Billy presented Elvis with the silver discs but their conversation was even shorter and more stilted than that between Elvis and the Beatles in 1965. Billy said, “We didn’t really say much at all. I was on the set all day watching him. All we really got to say to each other was ‘Hi’. He was one of the nicest people I ever met – he called everyone ‘Sir’.” Elvis told Billy that he had seen ‘The Hellions’, a British western set in South Africa with Richard Todd, Lionel Jeffries and Marty Wilde, five times. Fury may well have heard another song from the film, ‘Because Of Love’, because he released it as a single.
(29) This is astonishing, if true. First of all, Parnes is saying that Presley wasn’t much of a stage performer and that Colonel Parker knew it, so just kept him making films and records. This ridiculous statement could be disproved by Presley’s triumphant return to the stage at Las Vegas in 1969, but Parnes is ready for that: everyone else was entranced but he was thinking, ‘No, he’s not as good as Billy Fury’.
(30) About £1m today would be more like it. Sadly, there are no more details but it would be intriguing to know where and when Parnes planned to stage these events: I would guess Wembley Stadium in 1964.
(31) As a theatrical producer, in 1968, Parnes bravely staged the controversial ‘Fortune And Men’s Eyes’, a play about homosexuality in a Canadian prison. He said he lost £5,000 on the venture, but it did run for some time in the West End. He staged the first UK production of ‘Chicago’ at the Cambridge and he also managed the ice-skater John Currie.
(32) Larry Parnes is confused. Bill Haley and his Comets toured with Desmond Lane, Malcolm Vaughan and Vic Lewis and his Orchestra in 1957 and Buddy Holly and the Crickets had Gary Miller and the Tanner Sisters a year later.
(33) The Grades had brought Haley, Holly and Jerry Lee Lewis to the UK. A fellow impresario, Jeff Kruger, told me, “It wasn’t that the Grades disliked Larry bringing in American stars, but rather that the Grades disliked Larry as someone who might, in some small way, threaten their position. That says a lot for the frailty of Lew Grade’s ego, who was impossible to deal with. In the end, I broke through because of my friendship with Leslie Grade and the respect that Bernard Delfont showed me, but Lew was impossible to deal with.”

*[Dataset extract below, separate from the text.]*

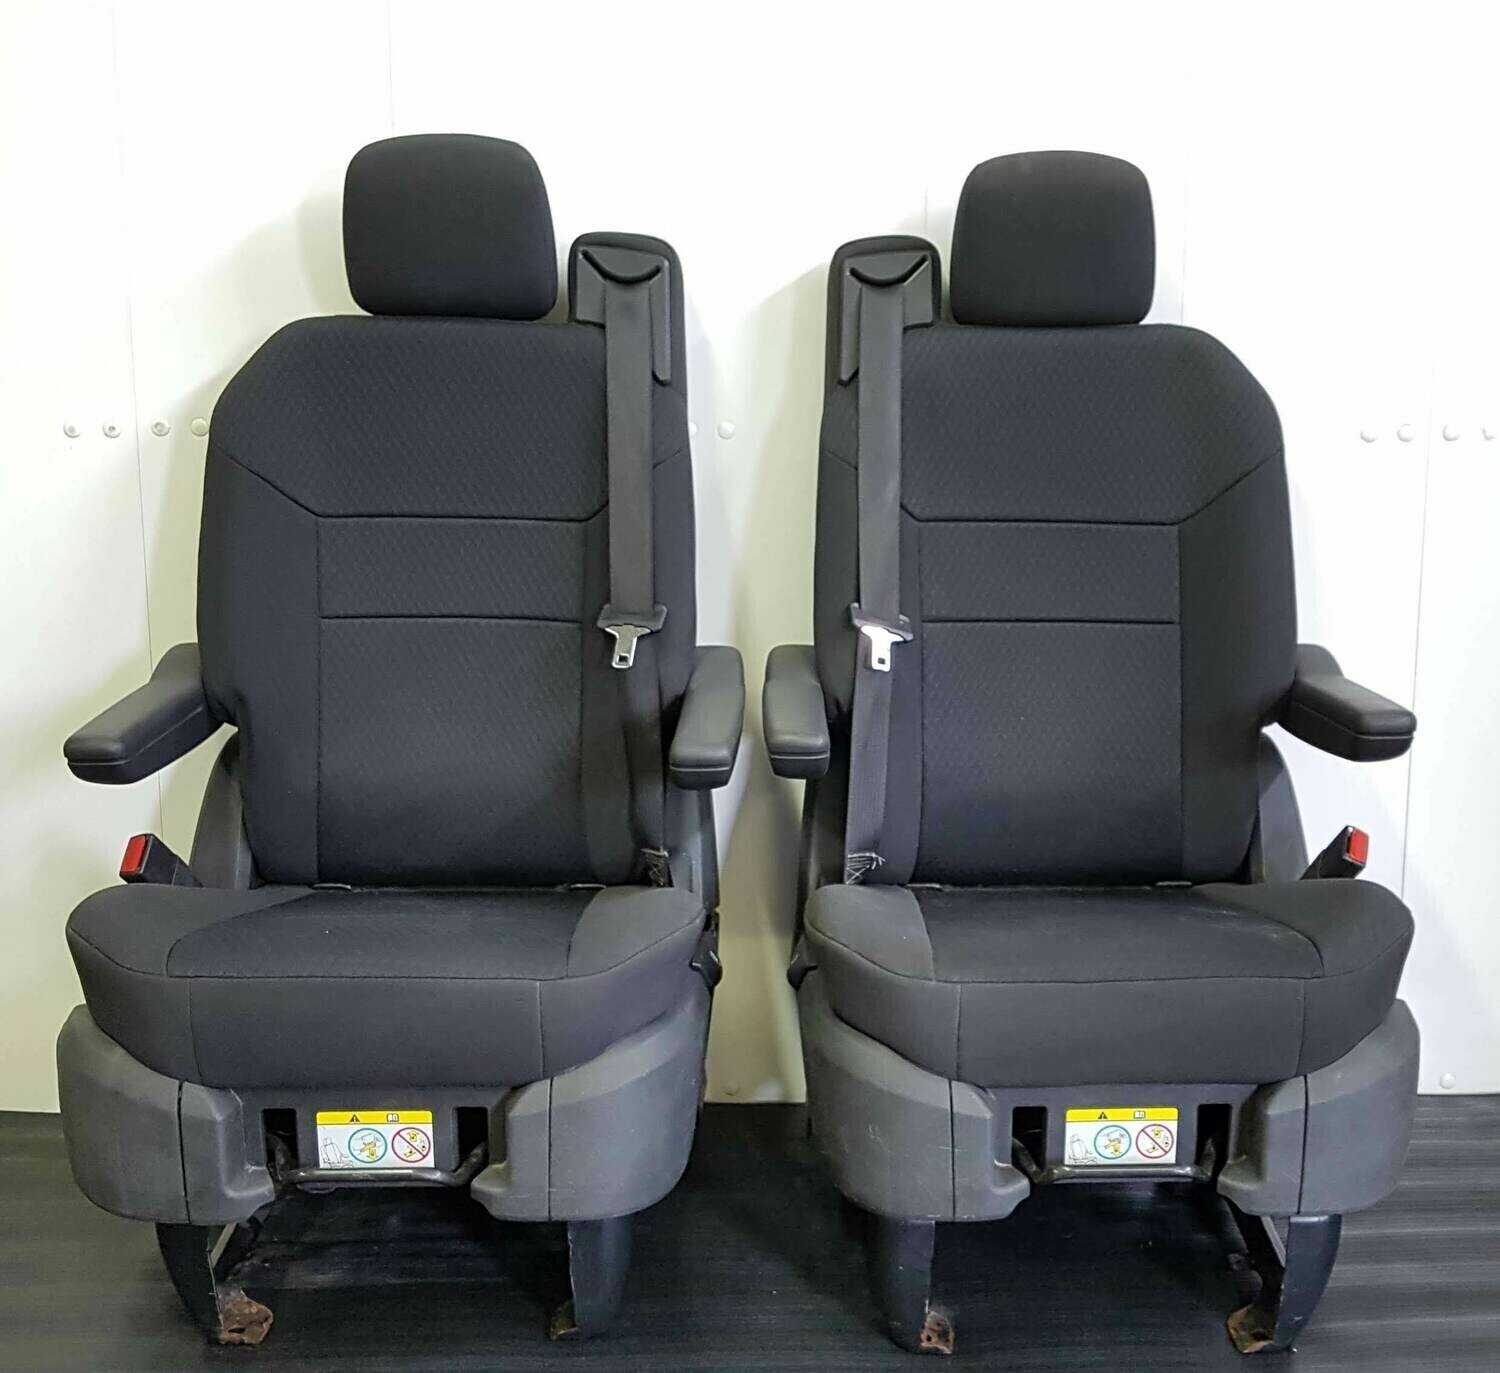 Pair of Swivel Seats for RVs

(34) Quite neat observations, and bearing out the thought that the item he liked best on his posters was ‘Larry Parnes Presents’.
(35) ‘…and I’ve made them that way.’ Parnes had been suffering from meningitis.

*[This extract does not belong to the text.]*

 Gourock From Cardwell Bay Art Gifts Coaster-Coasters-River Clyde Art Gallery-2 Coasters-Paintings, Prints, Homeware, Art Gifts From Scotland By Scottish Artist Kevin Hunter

(36) When I met Parnes, he showed me the urns containing ashes of his dogs, which were on his mantelpiece. Undoubtedly a sentimentalist, he spoke of his dogs with tears in his eyes.

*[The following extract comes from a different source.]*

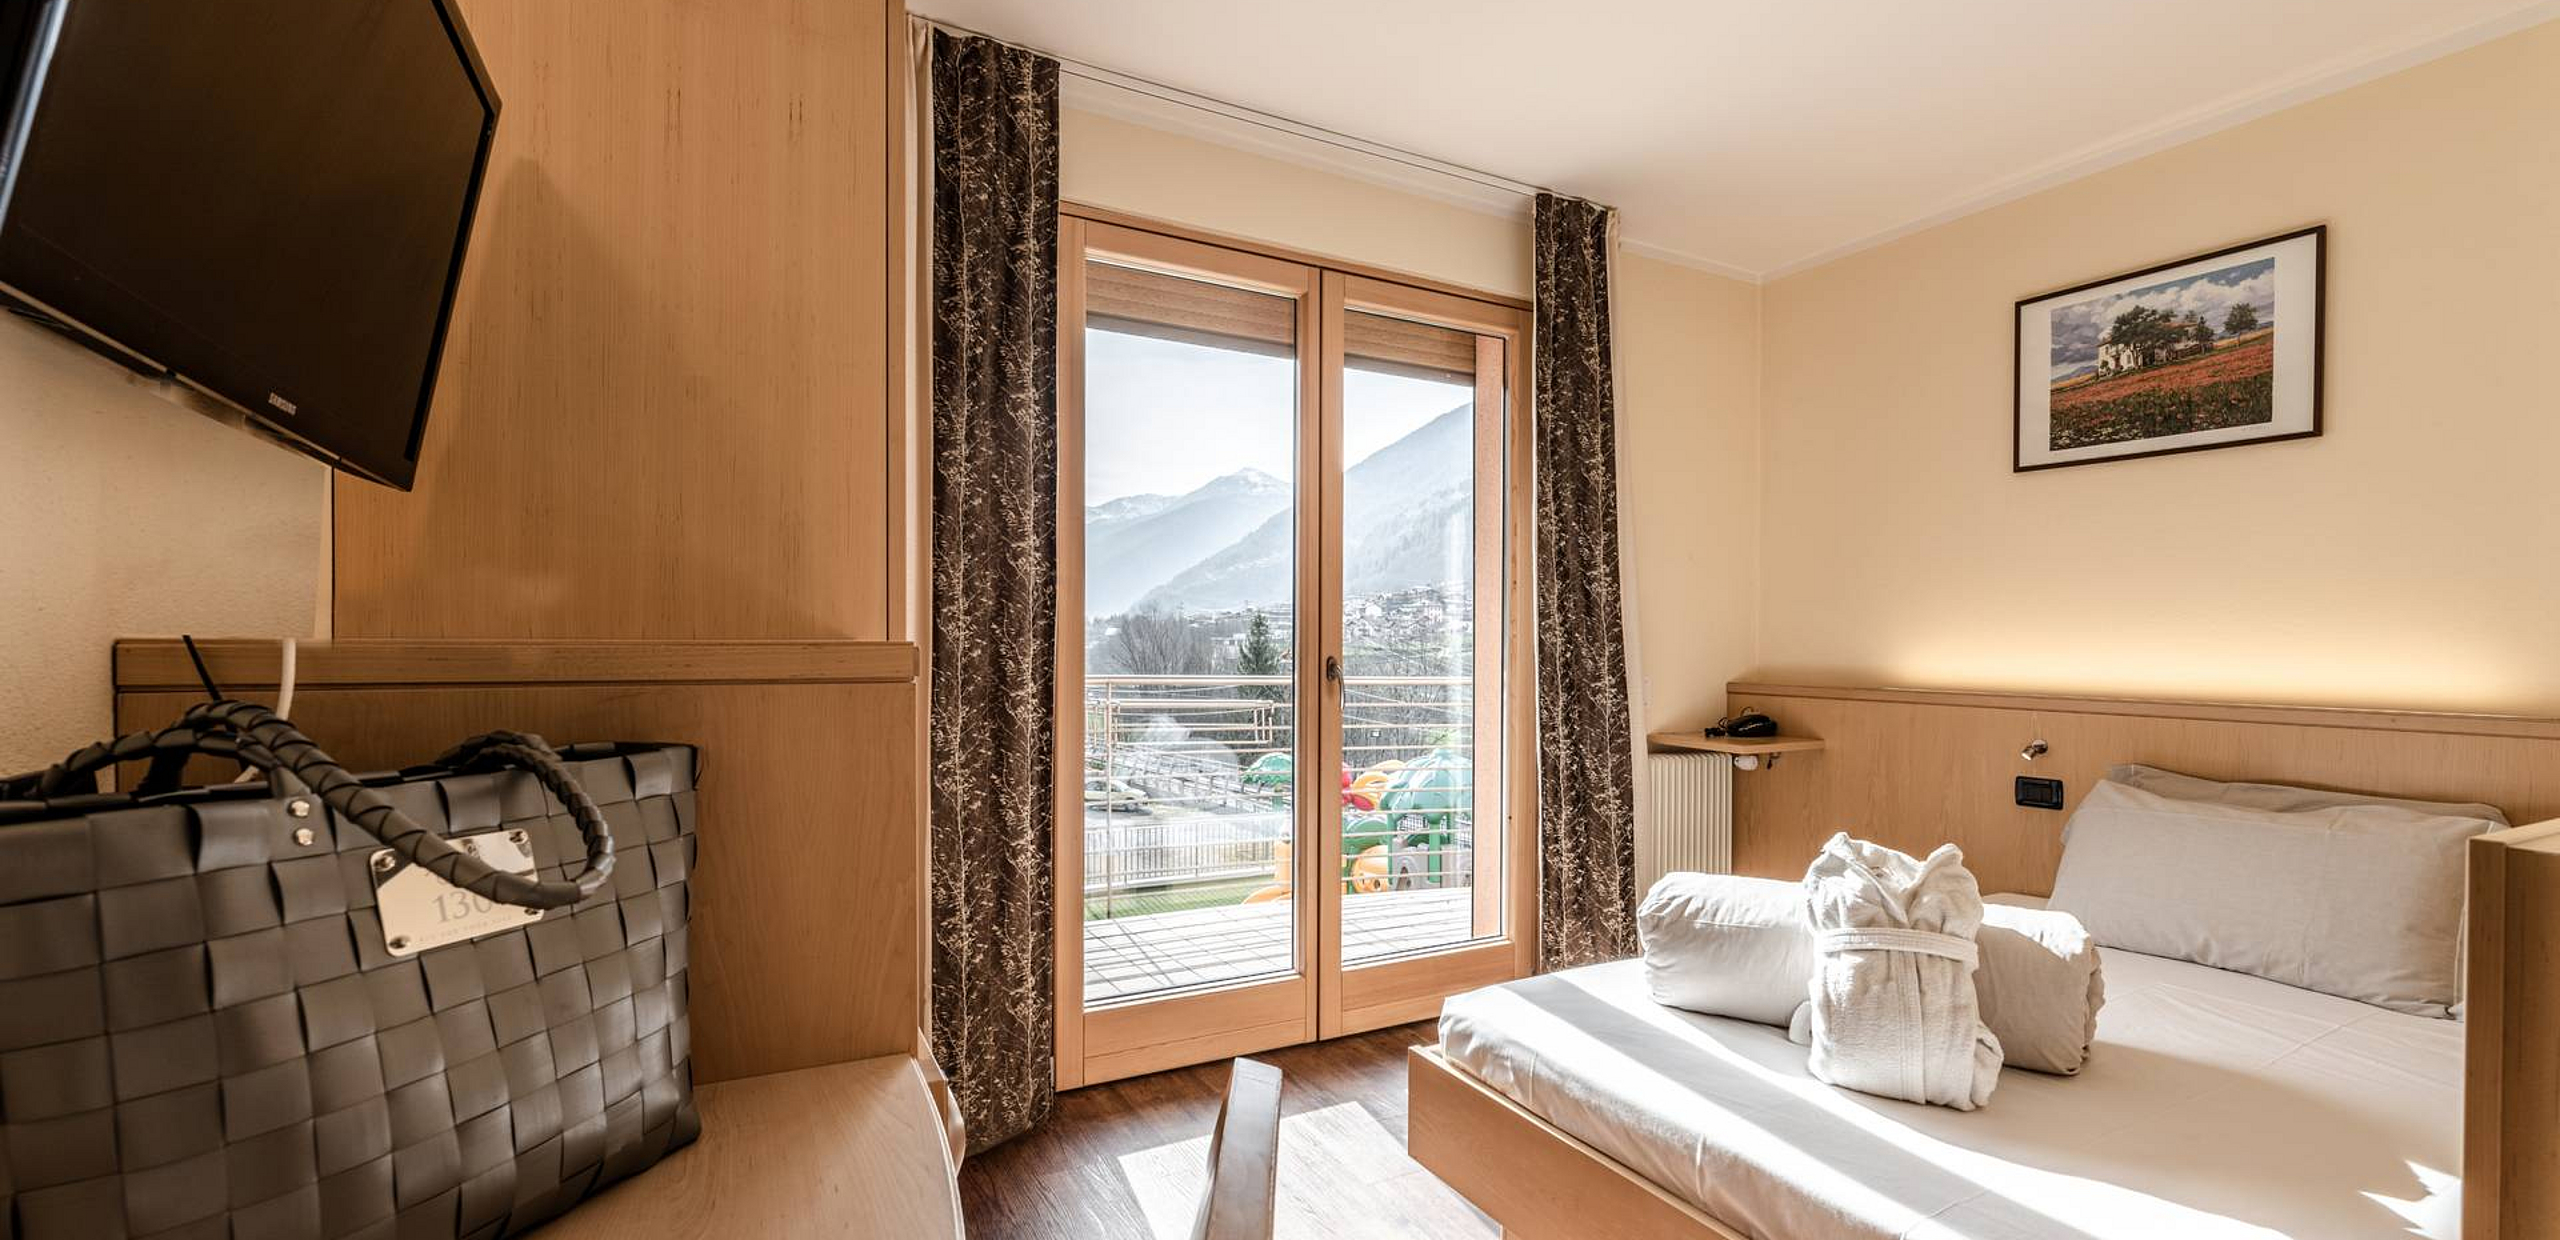 Single room at the sport hotel in Val di Sole

(37) As ‘Scouting For Boys’ has been taken, the perfect title for a Parnes biography would be ‘What’s In A Name?’ The book was never completed as Larry Parnes died on 4 August 1989. It is apparent that Parnes merits a biography and somebody should write one. The problem would be in finding a publisher as its sales would be unfortunately limited.